This message posted from opensolaris.org
___
zfs-discuss mailing list
zfs-discuss@opensolaris.org
http://mail.opensolaris.org/mailman/listinfo/zfs-discuss


Re: [zfs-discuss] Best stripe-size in array for ZFS mail storage?

2007-12-01 Thread Vincent Fox
> Sounds good so far:  lots of small files in a largish
> system with presumably significant access parallelism
> makes RAID-Z a non-starter, but RAID-5 should be OK,
> especially if the workload is read-dominated.  ZFS
> might aggregate small writes such that their
> performance would be good as well if Cyrus doesn't
> force them to be performed synchronously (and ZFS
> doesn't force them to disk synchronously on file
> close); even synchronous small writes could perform
> well if you mirror the ZFS small-update log:  flash -
> at least the kind with decent write performance -
> might be ideal for this, but if you want to steer
> clear of a specialized configuration just carving one
> small LUN for mirroring out of each array (you could
> use a RAID-0 stripe on each array if you were
> compulsive about keeping usage balanced; it would be
> nice to be able to 'center' it on the disks, but
> probably not worth the management overhead unless the
> array makes it easy to do so) should still offer a
> noticeable improvement over just placing the ZIL on
> the RAID-5 LUNs.

I'm not sure I understand you here.  I suppose I need to read
up on the ZIL option.  We are running Solaris 10u4 not OpenSolaris.

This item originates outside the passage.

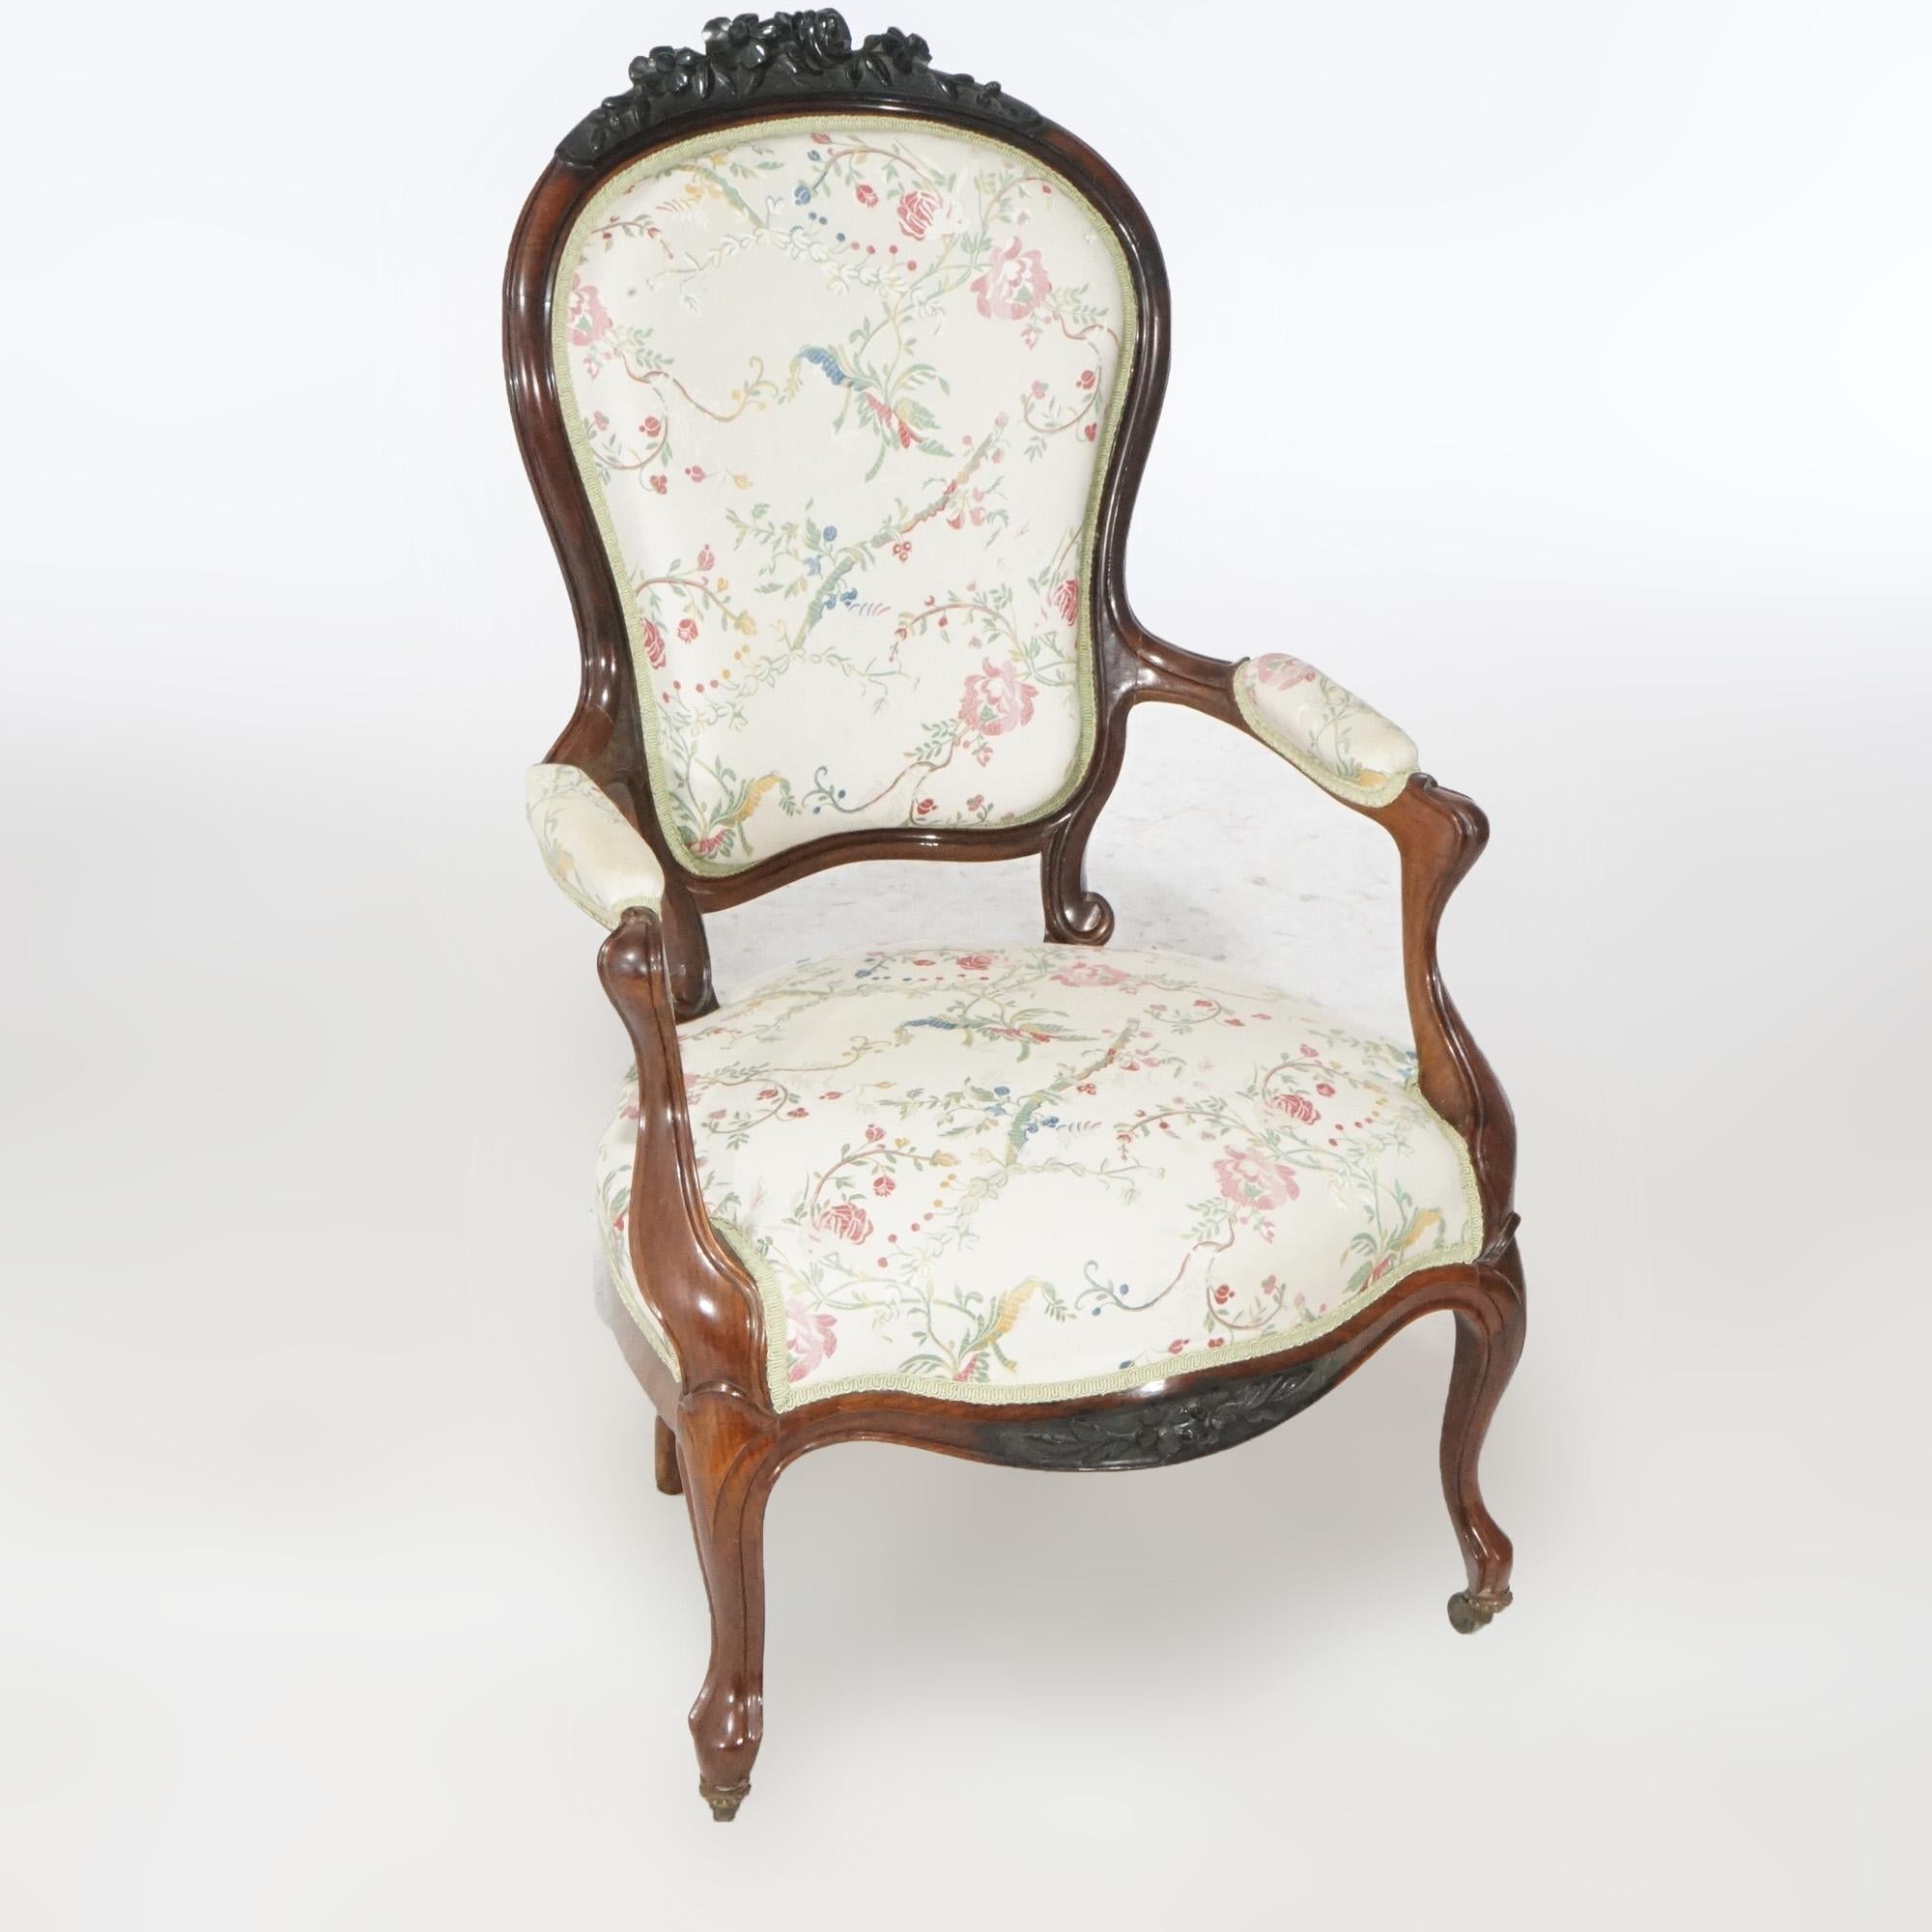 Paire de fauteuils de salon victoriens anciens, en bois de rose, avec une crête florale sculptée sur une assise, des accoudoirs et des dossiers rembourrés, reposant sur des pieds cabriolets, vers 1890.

Dimensions : 41,5''H x 25,25''L x 28''P.

Can I setup a disk in each 2540 array for this ZIL disk, and then mirror them 
such that if one array goes down I'm not dead?  If this ZIL disk also goes 
dead, what is the failure mode and recovery option then?

We did get the 2540 fully populated.  With 12 disks, and wanting to have at 
least ONE hot global spare in each array, and needing to keep LUNs the same 
size, you end up doing 2 5-disk RAID-5 LUNs and 2 hot spares in each array.  
Not that I really need 2 spares I just didn't see any way to make good use of 
an extra disk in each array.  If we wanted to dedicate them instead to this ZIL 
need, what is best way to go about that?  Our current setup to be specific:

{cyrus3-1:vf5:136} zpool status
  pool: ms11
 state: ONLINE
 scrub: none requested
config:

NAME   STATE READ WRITE CKSUM
ms11   ONLINE   0 0 0
  mirror   ONLINE   0 0 0
c6t600A0B800038ACA002AB47504368d0  ONLINE   0 0 0
c6t600A0B800038A0440251475045D1d0  ONLINE   0 0 0
  mirror   ONLINE   0 0 0
c6t600A0B800038A1CF02994750442Fd0  ONLINE   0 0 0
c6t600A0B800038A3C4028447504628d0  ONLINE   0 0 0

errors: No known data errors

> By 'stripe size' do you mean the size of the entire
> stripe (i.e., your default above reflects 32 KB on
> each data disk, plus a 32 KB parity segment) or the
> amount of contiguous data on each disk (i.e., your
> default above reflects 128 KB on each data disk for a
> total of 512 KB in the entire stripe, exclusive of
> the 128 KB parity segment)?

I'm going from the pulldown menu choices in CAM 6.0 for
the 2540 arrays, which are currently 128K, and only go
up to 512K.  I'll have to pull up the interface again when I am
at work but I think it was called stripe size, and referred to values
the 2540 firmware was assigning onto the 5-disk RAID-5 sets.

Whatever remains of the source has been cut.